The code in this repository requires Python 2.x with the numpy and scipy libraries installed. Additionally:

  • For deepwalk_tf: gensim, six, wheel
  • For the MS-LSTM model: keras over Theano or TensorFlow, sklearn.

Instructions on installing Keras can be found here. The MS-LSTM code has been tested using both backends of Keras.

Pipeline

Training a text-to-entity mapping system with the code of this repository requires 5 main steps:

  1. Extend your graph with textual features
  2. Create your entity vectors
  3. Prepare your training and testing data
  4. Train the model
  5. Test the model

Specifically:

  • For creating entity vectors enhanced with textual features for a knowledge graph, use Steps 1 and 2.
  • For training the text-to-entity mapping system, use Steps 3 and 4.
  • For testing the text-to-entity mapping system, use Step 5.

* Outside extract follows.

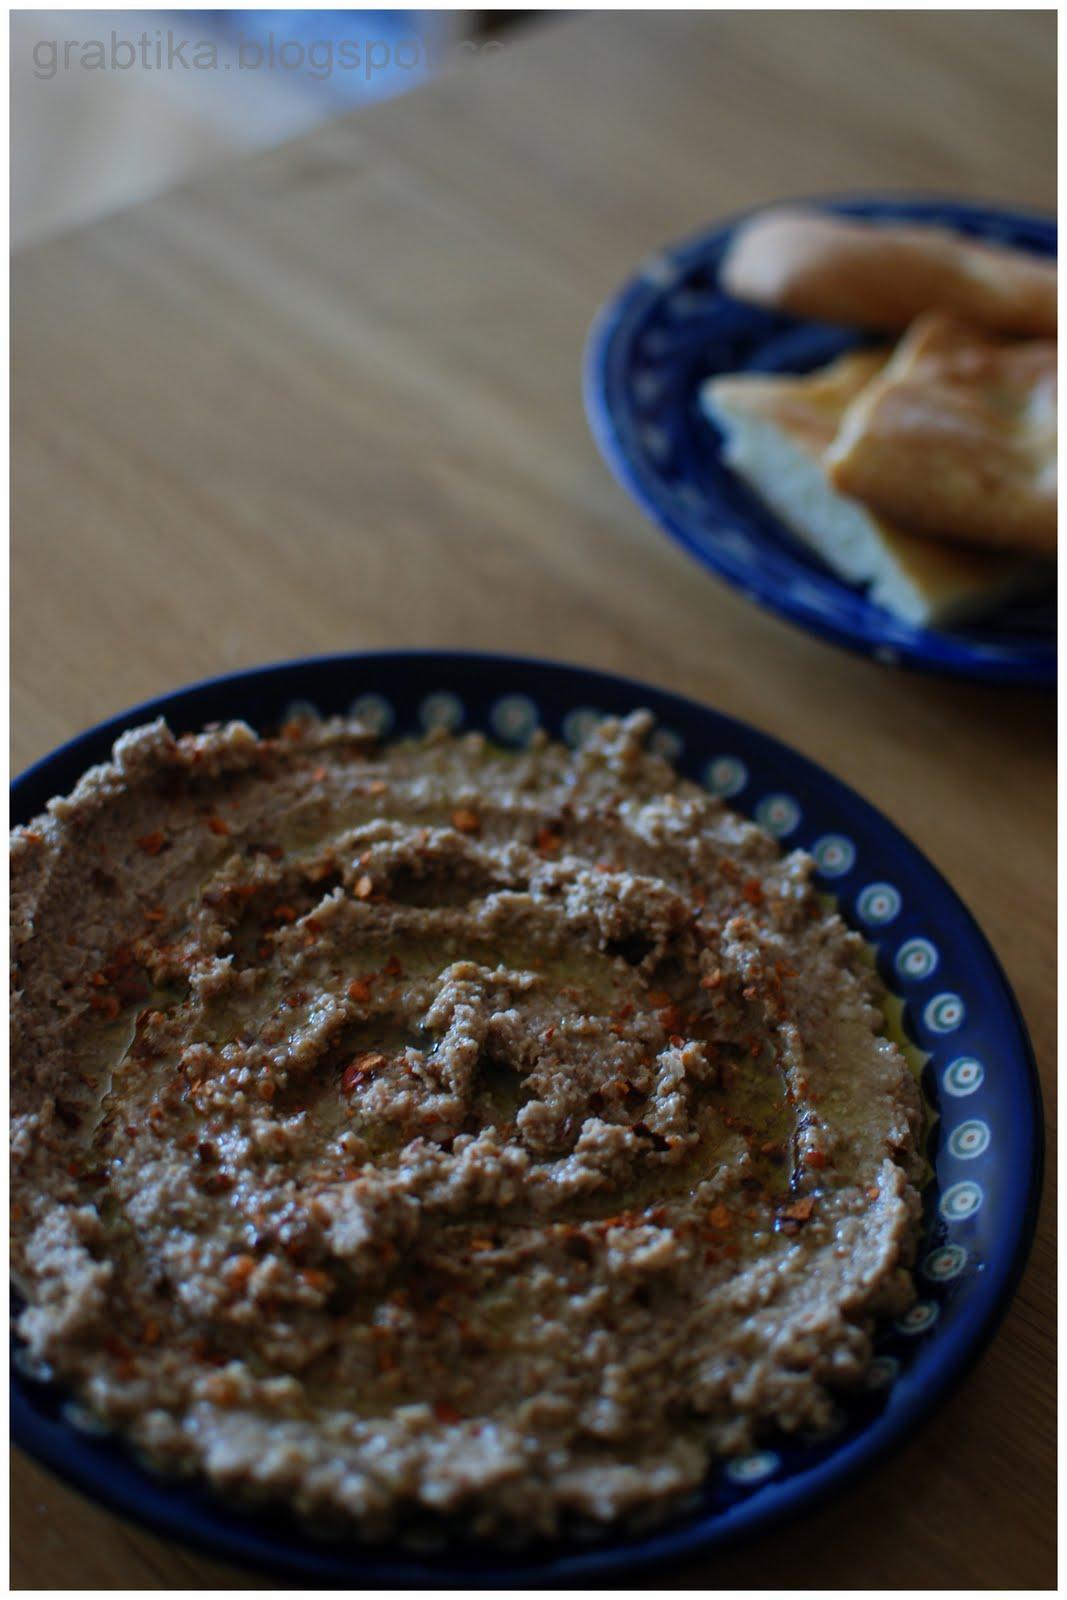 wasabi: Hummus en Fuego

Step 1: Extend your graph with textual features

As a first step you need to extend the knowledge graph with nodes corresponding to textual features and extracted from a list of texts. For this, use the following commands:

$ cd ms-lstm
$ python extend_graph.py --txt_data <textfile> --edgelist <currentgraph> --outfile <merged-edgelist> --threshold <tfidf-threshold>
  • For the parameter edgelist, provide the name of the file holding the current graph as an edge list of the form:
node1 node2
node3 node4
...

or

node1 node2 weight1
node3 node4 weigth2
...
  • The txt_data file must contain the texts from which the textual features will be extracted. The form of this file is:
node1|text1
node2|text2
....

Note that each node can have more than one texts assigned to it, i.e.

node1|text1
node1|text2
node2|text3
...
  • Textual features with TF-IDF values less than threshold will be ignored. By default this value is 0, i.e. all textual features are included in the merged edge list.
  • The labels of the textual features have the form TF:textual_feature, e.g. TF:fever.
  • At output, the script produces two files: One for the merged edge list with name outfile (containing both the edges of currentgraph and the edges extracted from textfile), and one reference file containing the mapping from graph entities to textual features (outfile.tfidf).

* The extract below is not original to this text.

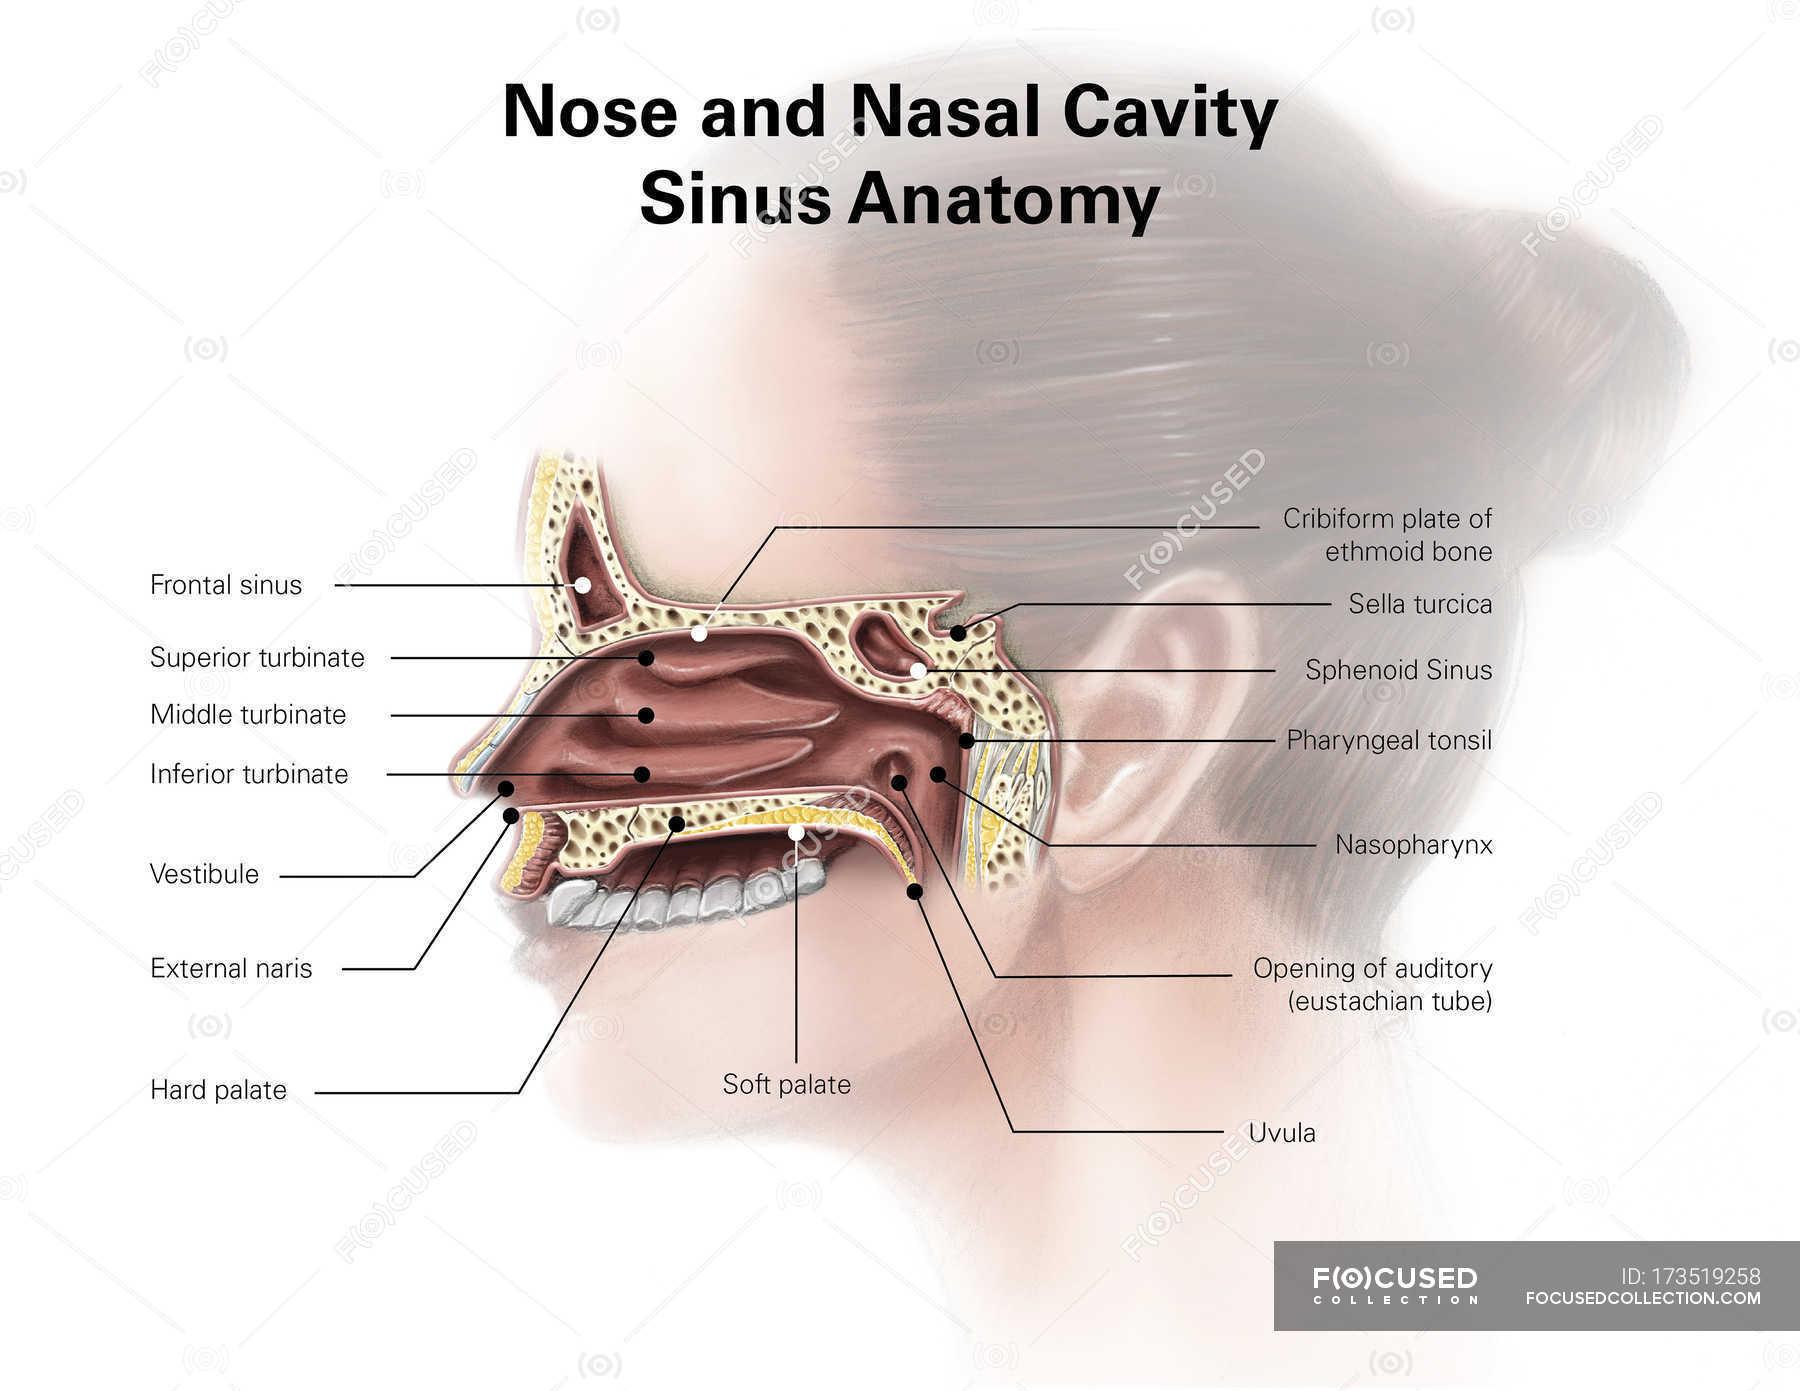 Nase und Nebenhöhlen Anatomie der Nasenhöhle — Stockfoto | #173519258

Step 2: Create your entity vectors

In the second step you create the entity vectors that will be used as targets for the MS-LSTM. This can be done by running:

$ python deepwalk_tf/ --input <inputfile> --output <outputfile> --tf_mass <lambda>
  • Typically, your input file must be the merged edge list generated by Step 1 above. If you have generated this file by other means, its form should be:
node1 node2 weight1
node3 node4 weight2
...
  • If the node is a textual feature, its label must begin with TF: (e.g. TF:fever).
  • The weights do not have to correspond to probablities at this stage; they will be normalised later based on the tf_mass parameter (below) during the random walk generation.

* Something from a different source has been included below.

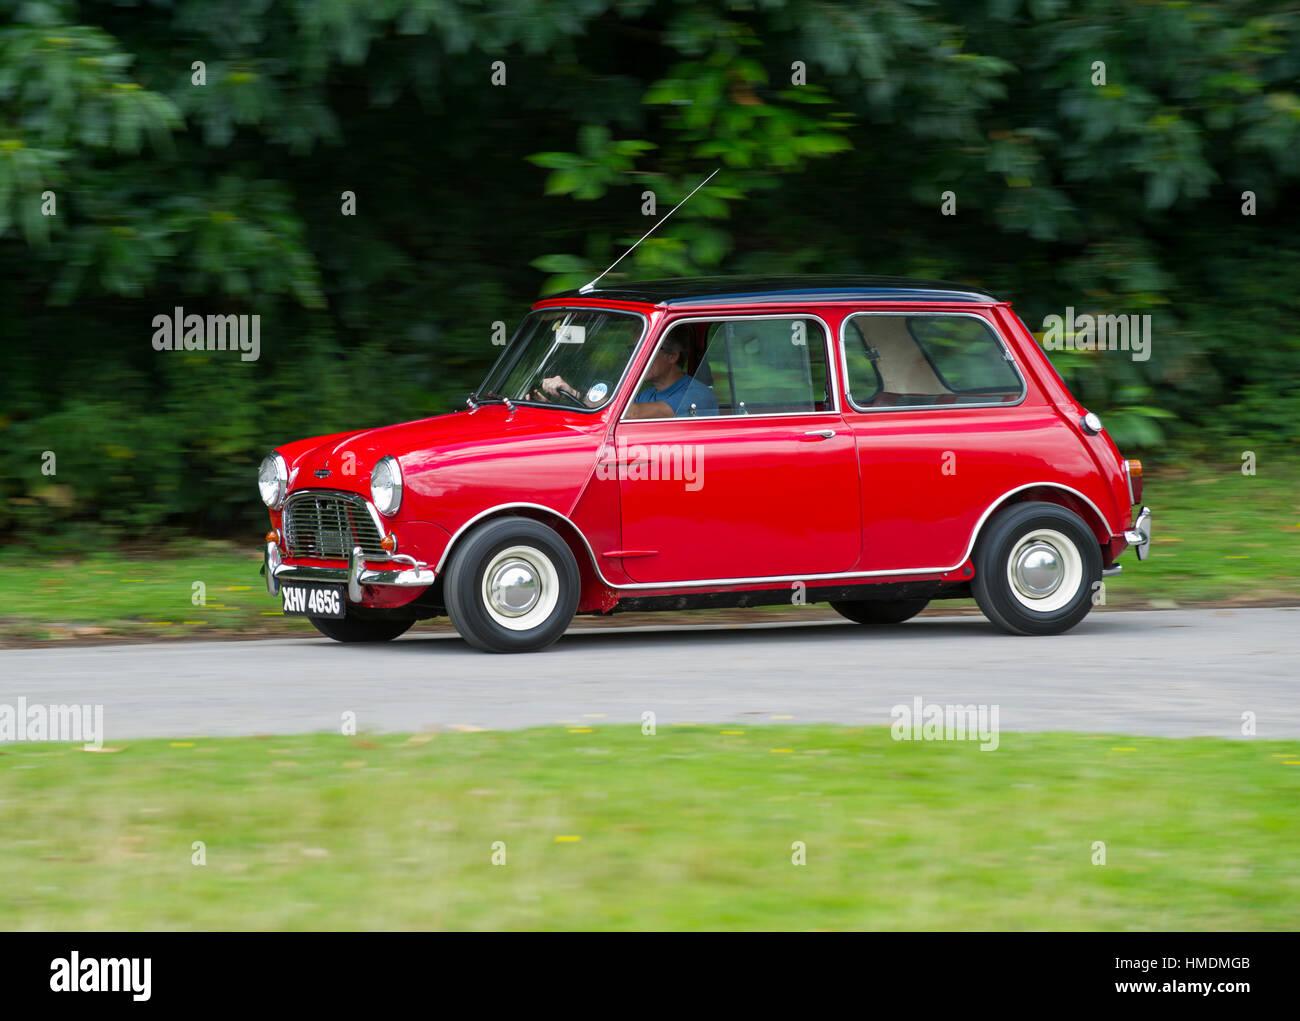 Mini 1968 mini cooper : 1968 Mini Cooper S classic compact British sports car Stock Photo ...

    Example: Assume a random walk visits a node that is connected to 2 textual nodes t1 and t2 with weights 0.5 and 0.2, correspondingly, and to 3 normal entity nodes, c1, c2 and c3, each with weight 1.0. Further, let tf_mass = 0.6. The algorithm proceeds as follows:

    1. Normalise the textual weights to form a proper probability distribution, i.e. (t1:0.71, t2:0.29)
    2. Do the same for the entity nodes: (c1:0.33, c2:0.33, c3:0.33)
    3. Scale the textual probability distribution by tf_mass and the entity probability distribution by 1 - tf_mass. That is, for the text nodes we have (t1:0.6 * 0.71, t2: 0.6 * 0.29) = (t1:0.43, t2:0.17), and for the entity nodes (c1:0.4 * 0.33, c2:0.4 * 0.33, c3:0.4 * 0.33) = (c1:0.13, c2:0.13, c3:0.13)

    Putting together the two parts forms again a proper probability distribution (numbers add up to 1), namely (t1:0.43, t2:0.17, c1:0.13, c2:0.13, c3:0.13). The next node in the random walk will be sampled from that probability distribution.

  • The tf_mass parameter defines the probability mass that will be allocated to textual features during the random walks (see also the Example above). A value of 0 means no textual features, whereas a value of 1 means that half of the nodes in the random walk will be textual (default 0.5).

  • For the full list of available options type:

    $ python deepwalk_tf/ --help

Step 3: Prepare your training and testing data

This can be done by the following commands:

$ cd ms-lstm
$ python prepare_data.py --train_data <trainfile> --test_data <testfile> --dev_data <devfile>

The data files must have the following form:

node1|text1
node2|text2
...
  • The texts are expected to be short focused texts at the level of phrases or sentences.
  • Each node can have more than one entries in the data file.

The script tokenises the texts and replaces the words with integers. At output, the script produces 4 text files: one for the train set, one for the test set, one for the dev set (optional), and one that contains the mapping of words to their corresponding indices.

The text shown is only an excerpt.